Background/aims: The receptor of interferon-gamma (IFN-gammaR) consists of IFN-gammaR1 and R2. Resistance to the anti-proliferative effect of IFN-gamma is due to downregulation of IFN-gammaR2. The aim of this study was to investigate whether iron chelation could upregulate IFN-gammaR2 and enhance the anti-proliferative effect of IFN-gamma in colon cancer cell lines.
Methodology: The colon cancer cell lines, SW480, COLO, and WiDr were treated with the iron chelating agent DFO, and the expression of IFN-gammaR1 and IFN-gammaR2 was evaluated by FACS. The anti-proliferative effect of IFN-gamma was investigated by MTT assay, and the proapoptotic effect was investigated by FACS with Annexin-V.

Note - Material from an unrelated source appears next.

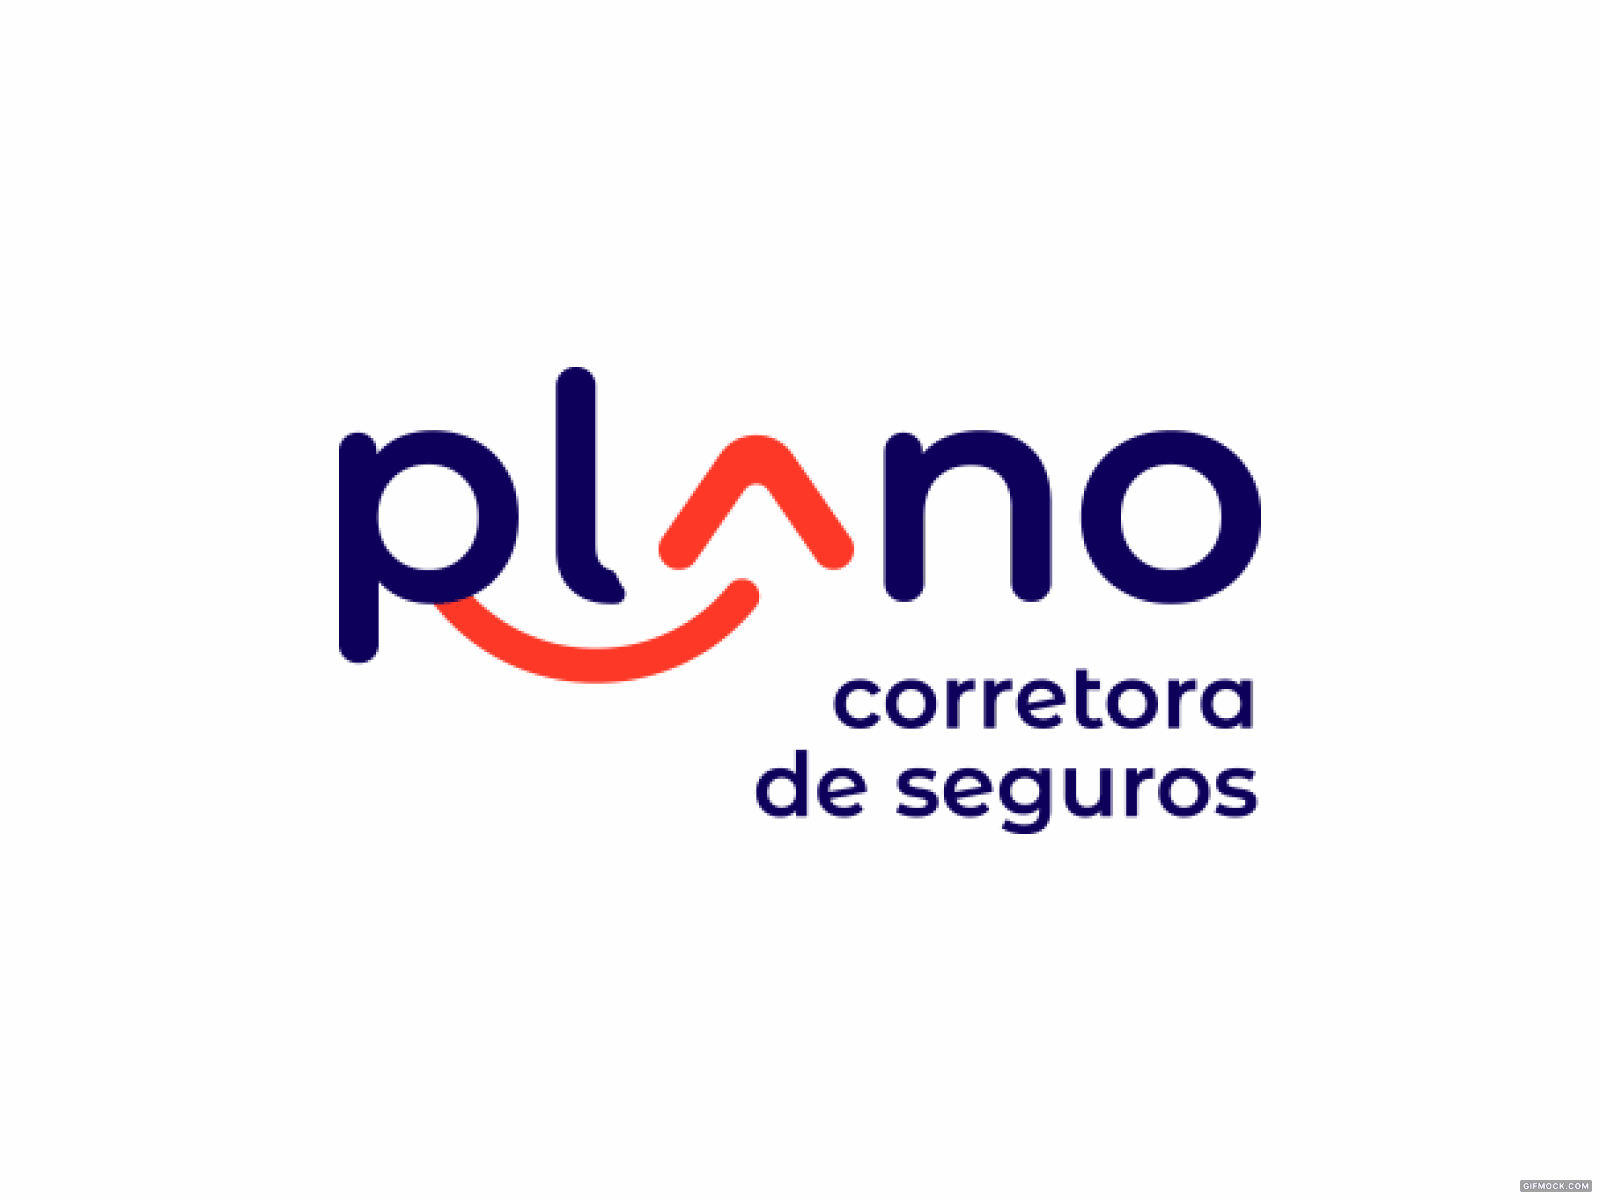 Logo design | Corporate

Results: FACS demonstrated that DFO increased the expression of IFN-gammaR2, whereas the effect on IFN-gammaR1 expression was less marked. MTT assay showed that cell growth was inhibited by DFO. Addition of DFO and IFN-gamma inhibited further, but inhibition was not observed with IFN-gamma alone. Apoptotic cells were increased by DFO, and further increased with DFO + IFN-gamma together.
Conclusions: Expression of IFN-gammaR2 is restored by iron chelation, and the increased expression of IFN-gammaR2 enhances the anti-proliferative effect of IFN-gamma through induction of apoptosis in colon cancer cells.